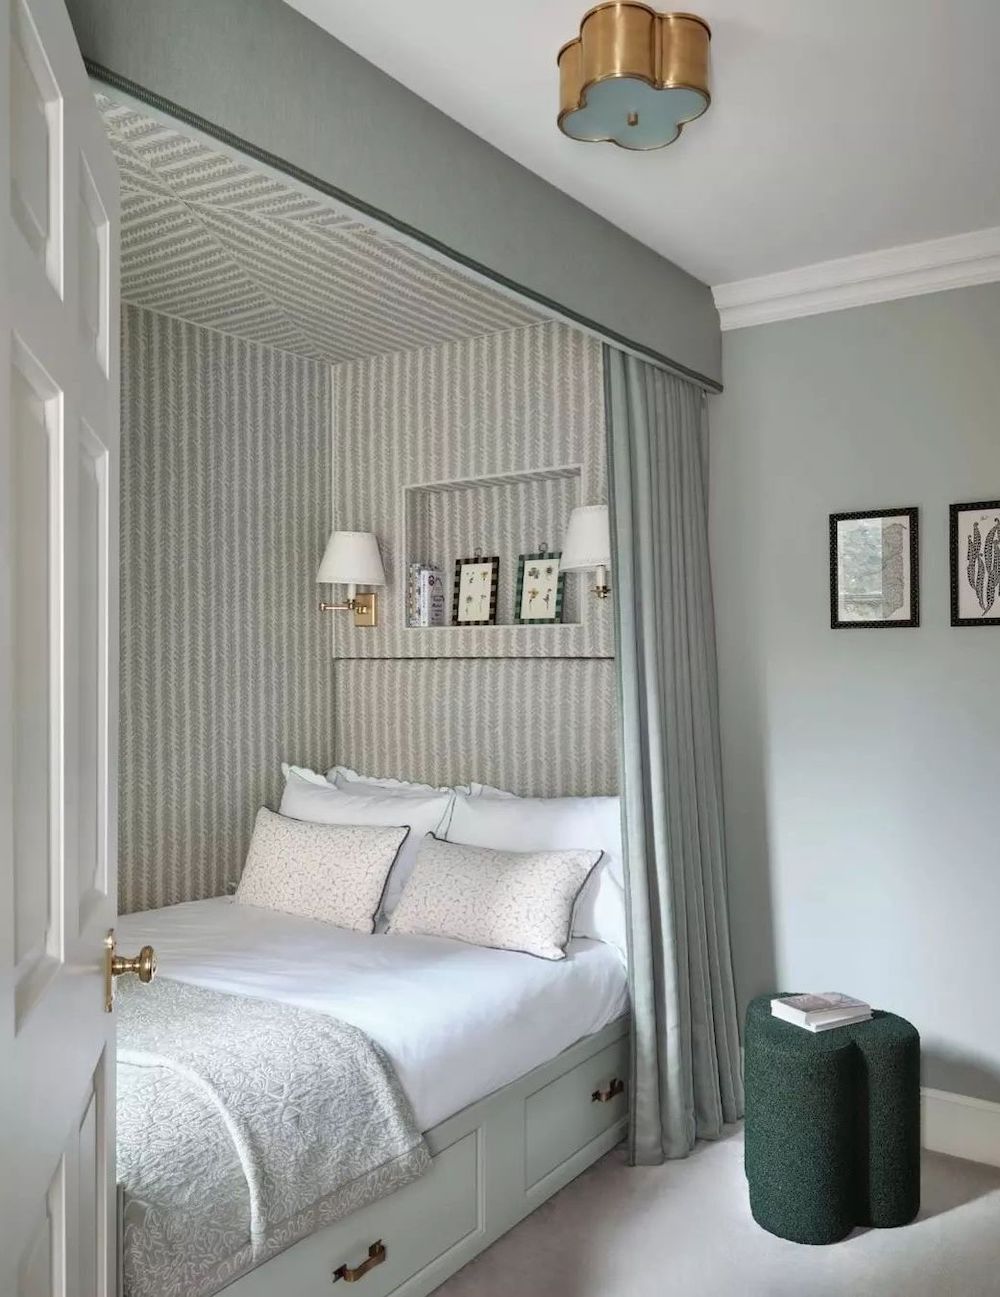 a bedroom with striped wallpaper, blue wall paint, and traditional decor
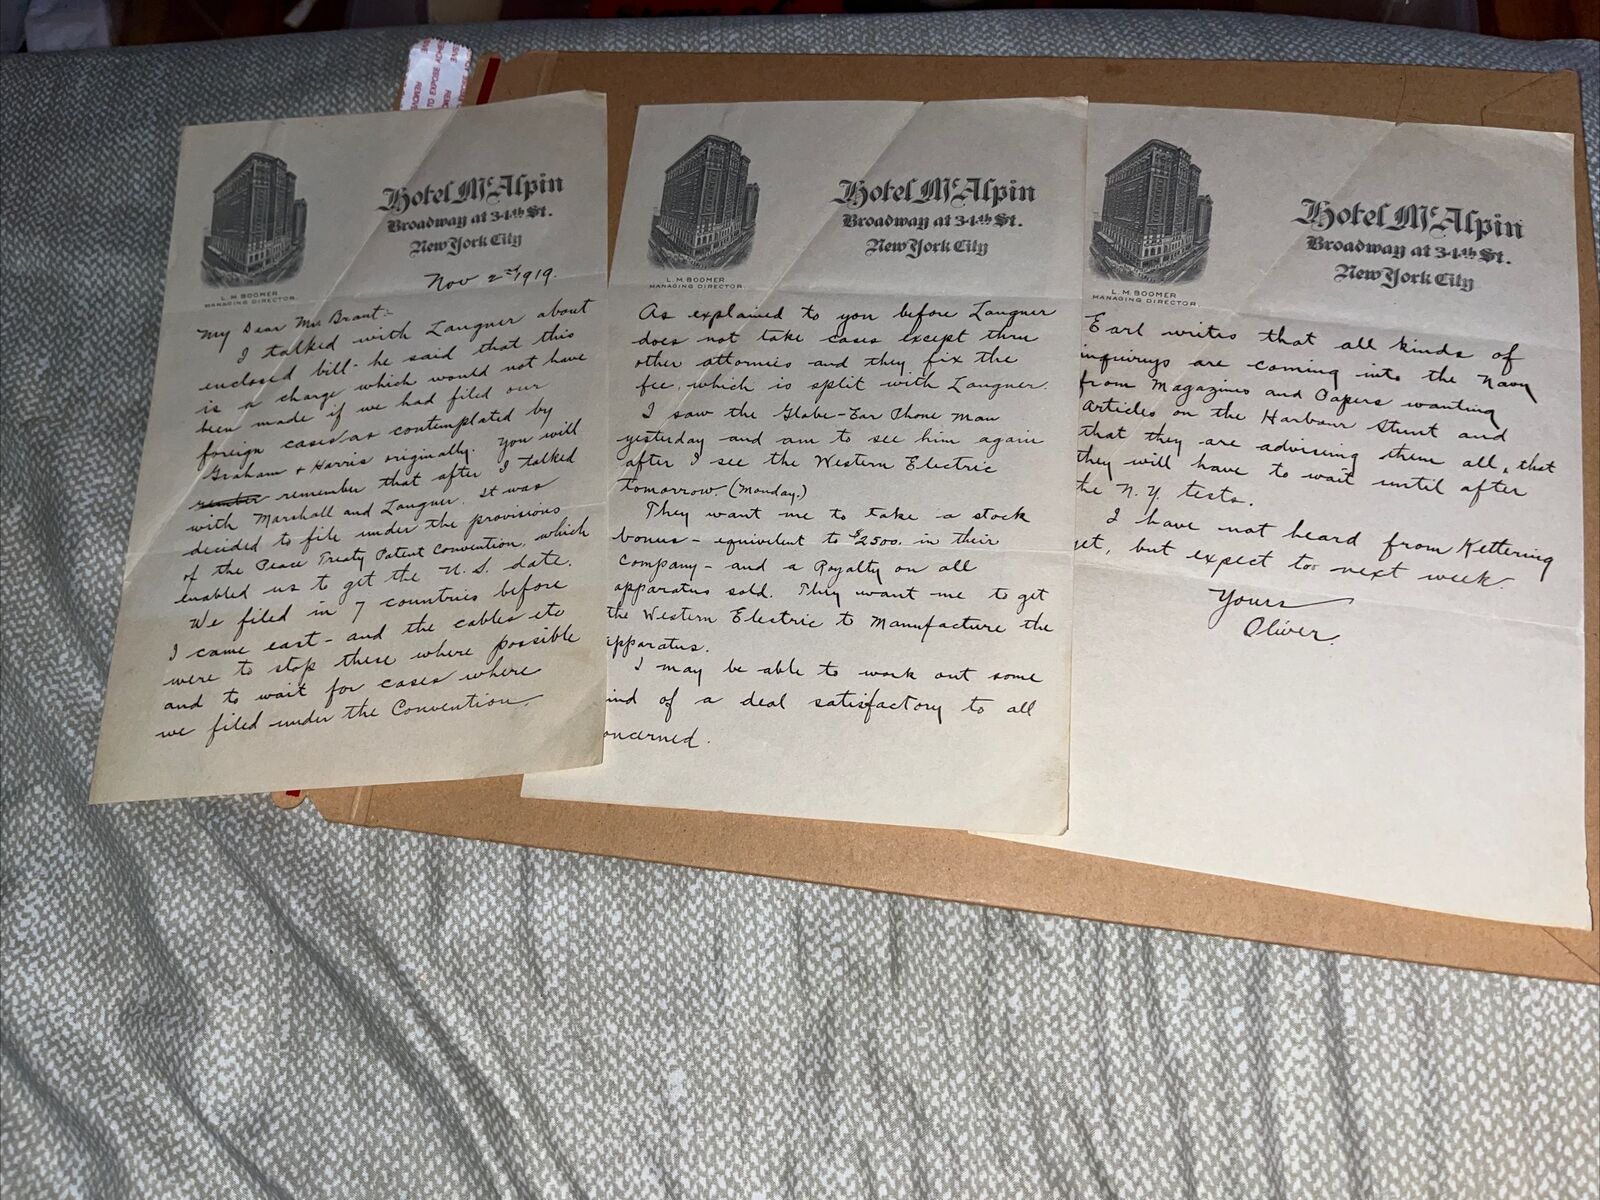 1919 Letter on Selling Invention to Western Electric Hotel McAlpin New York City
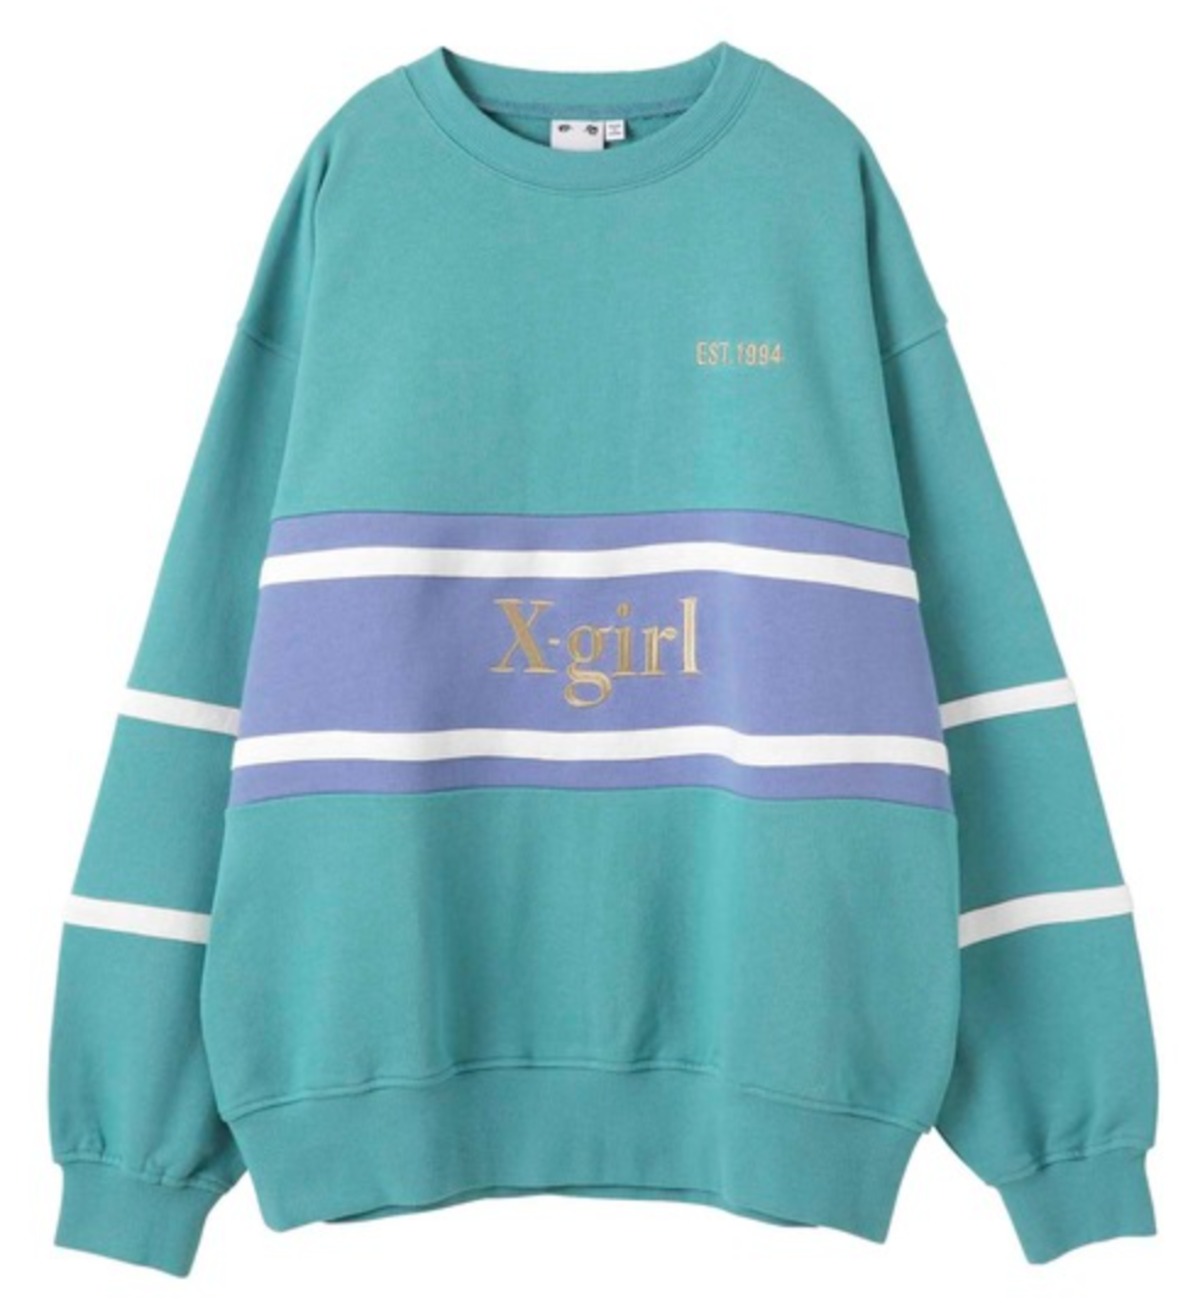 【X-girl】OLDIES SWEAT TOP スウェット　【xgirl】【xg】【エックスガール】 | INCEPTION powered by  BASE
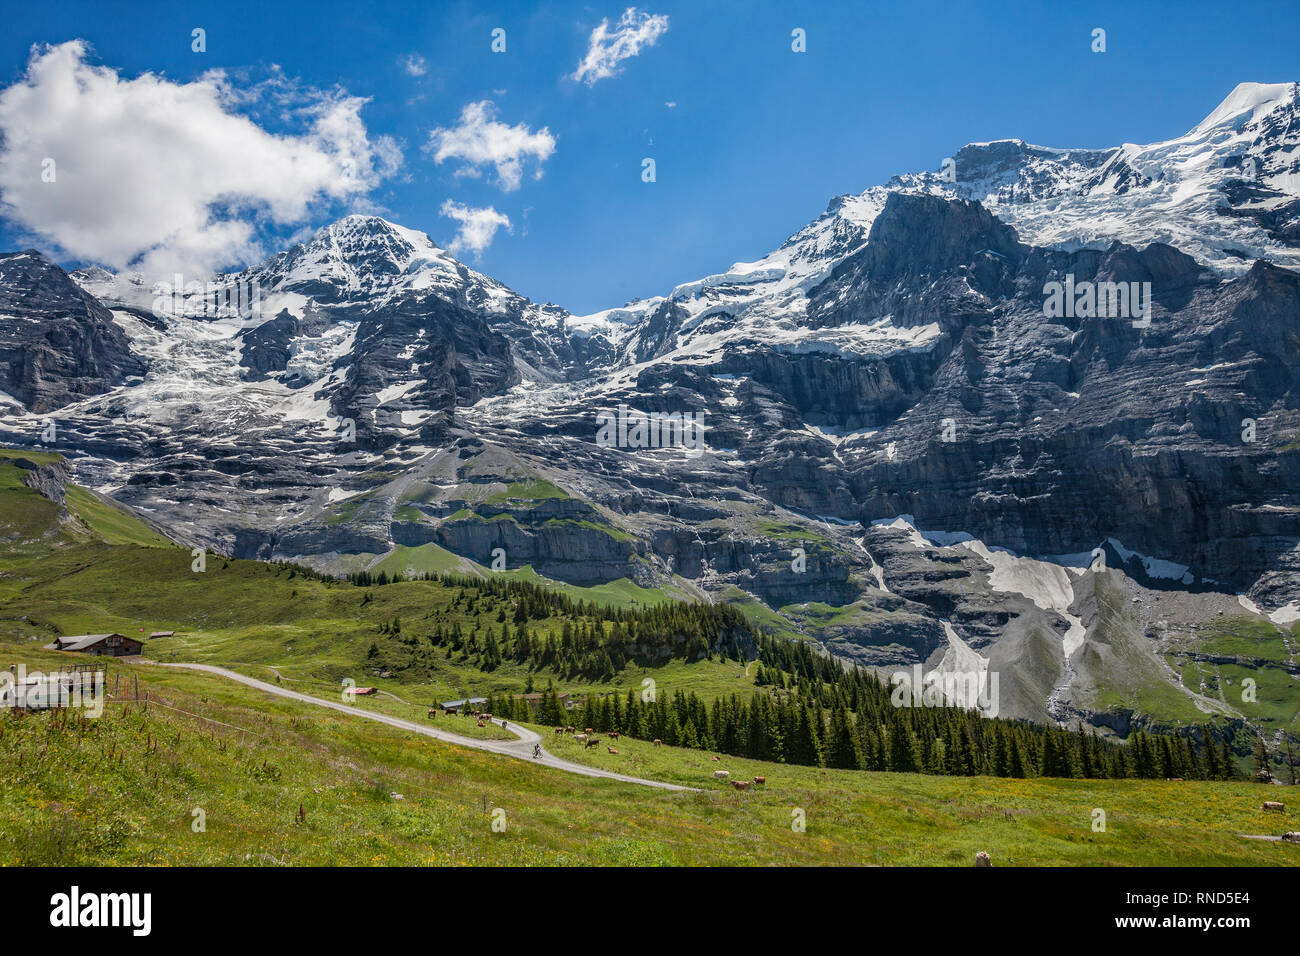 nice and ever young senior woman riding her e-mountainbike below the Eiger northface, Jungfrauregion, Switzerland Stock Photo
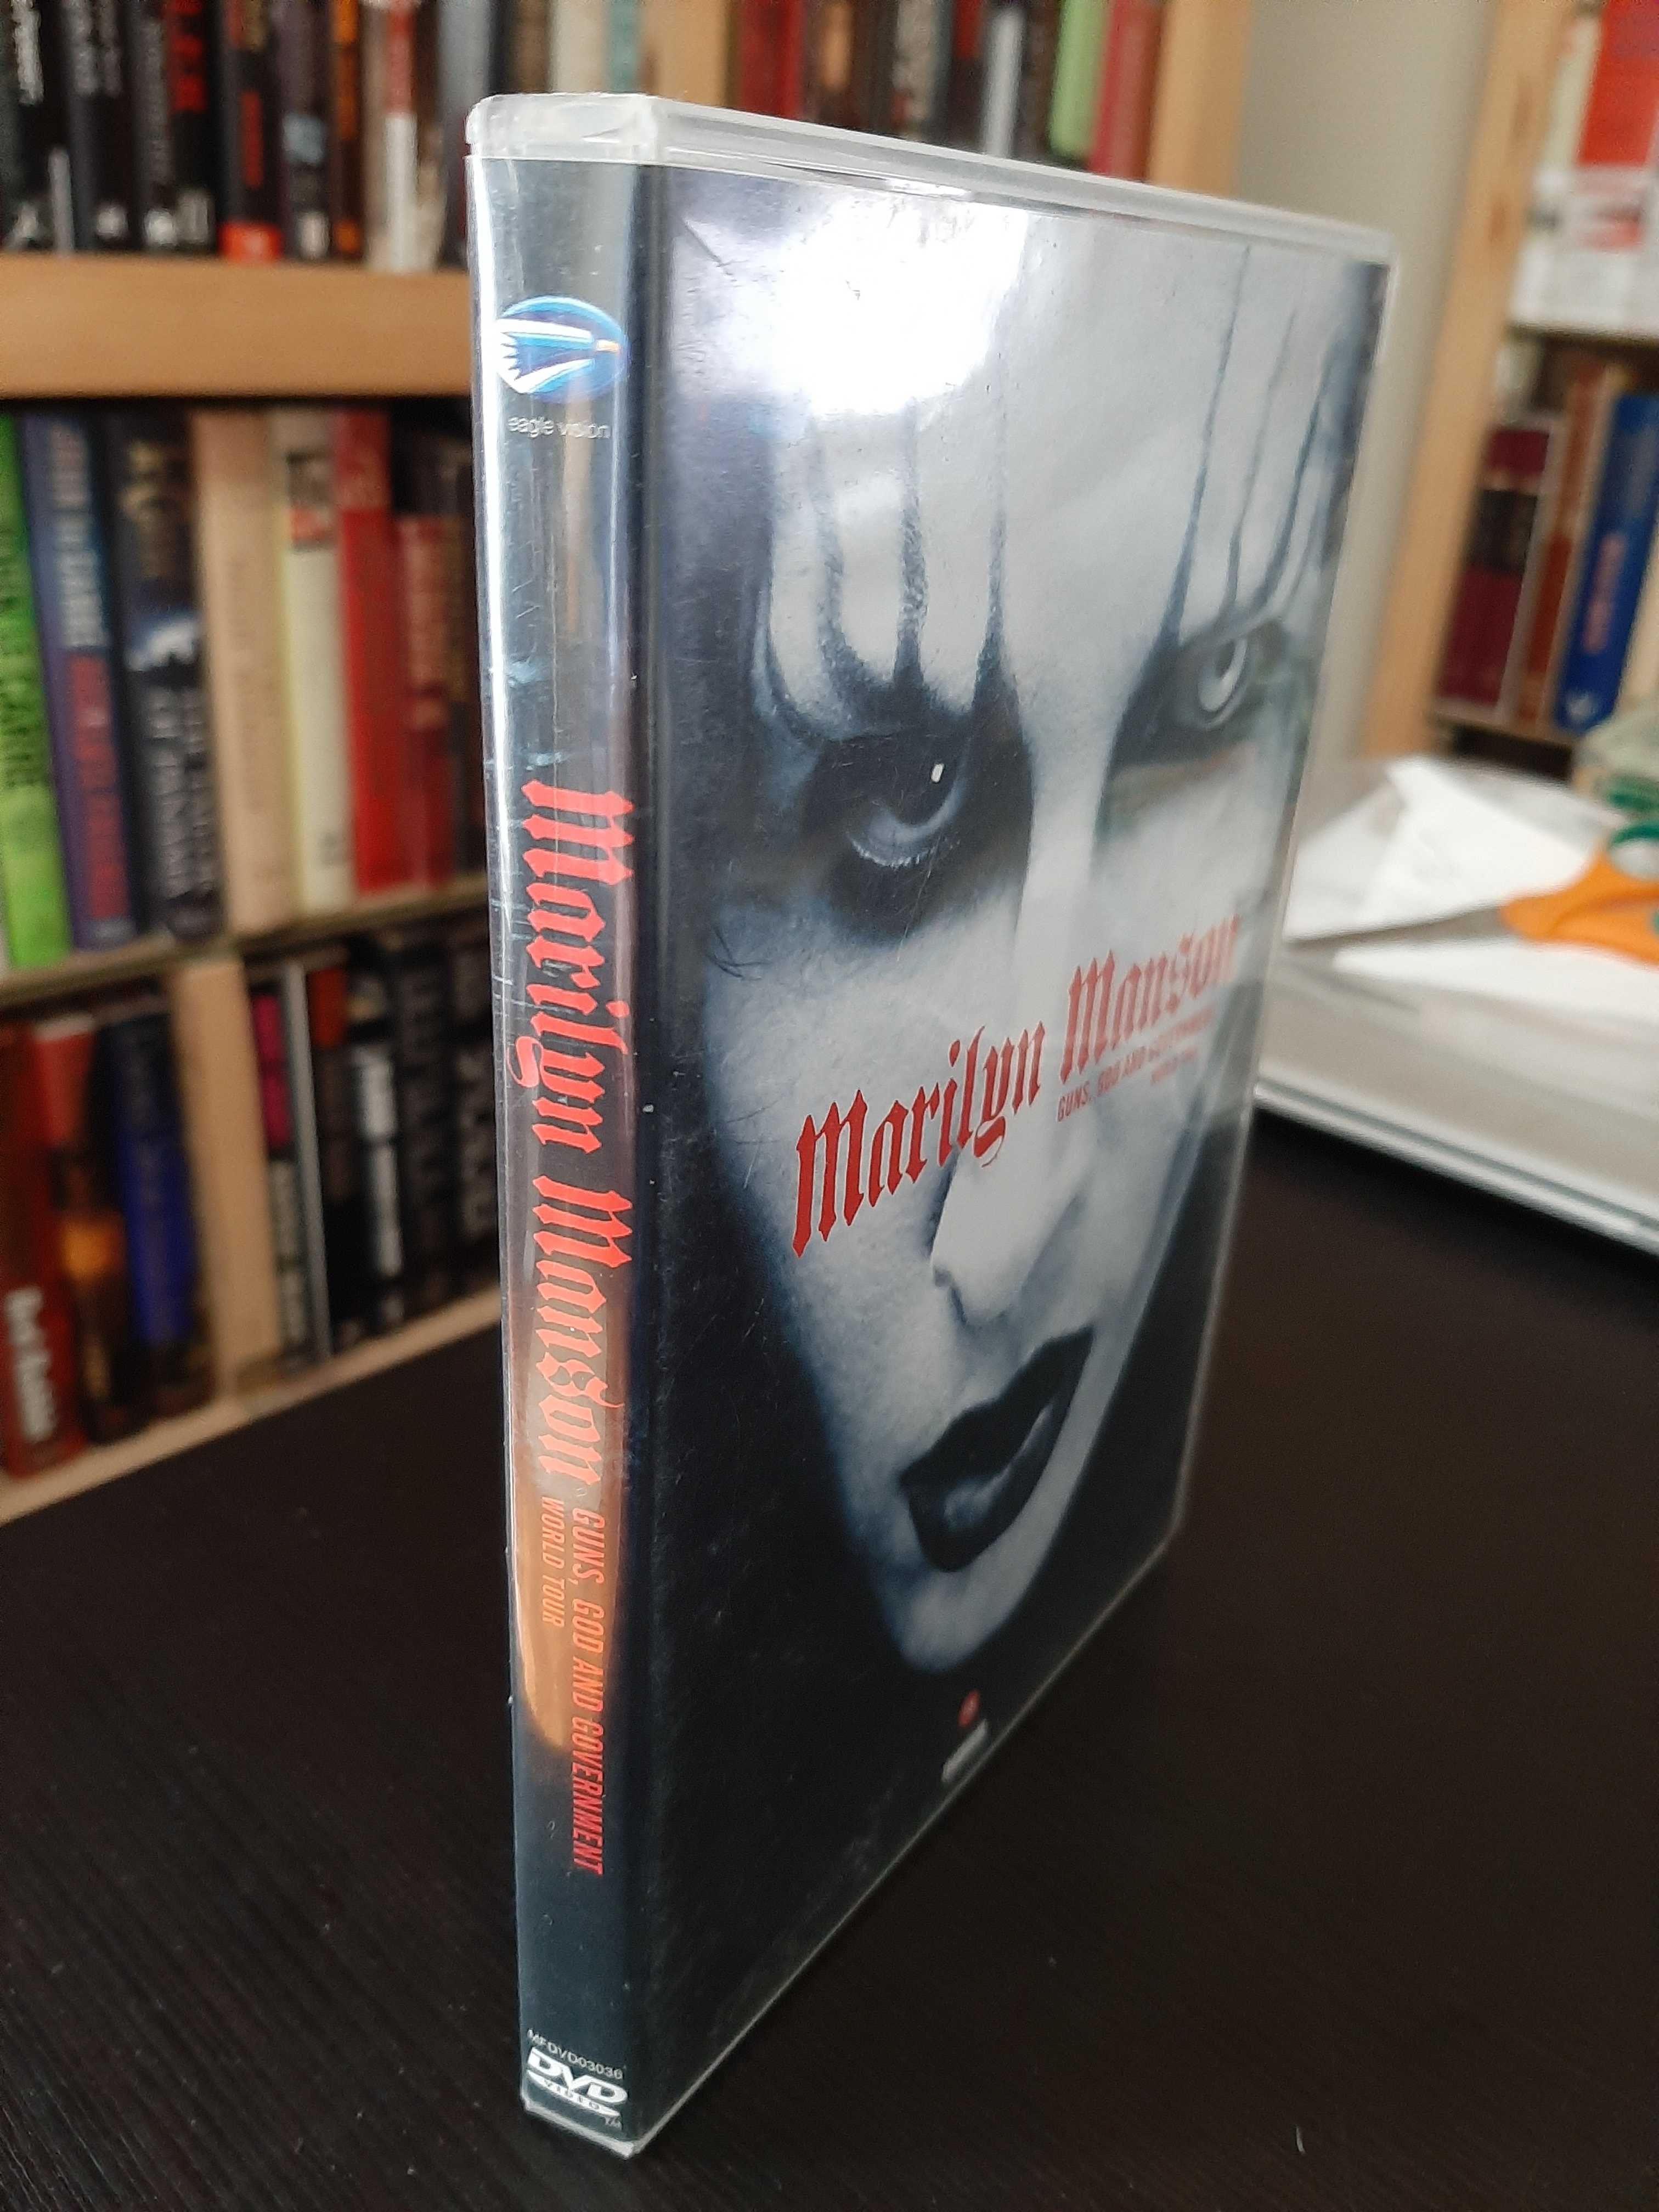 Marilyn Manson - Guns, God and Government - Live 2002 - DVD

+ + + +

_What needs to be done:_ Go through the listing above and write it out again exactly, dropping the pictures.

_Your solution:_
 a bedroom with striped wallpaper, blue wall paint, and traditional decor
 1919 Letter on Selling Invention to Western Electric Hotel McAlpin New York City
 【X-girl】OLDIES SWEAT TOP スウェット　【xgirl】【xg】【エックスガール】 | INCEPTION powered by  BASE
 nice and ever young senior woman riding her e-mountainbike below the Eiger northface, Jungfrauregion, Switzerland Stock Photo
 Marilyn Manson - Guns, God and Government - Live 2002 - DVD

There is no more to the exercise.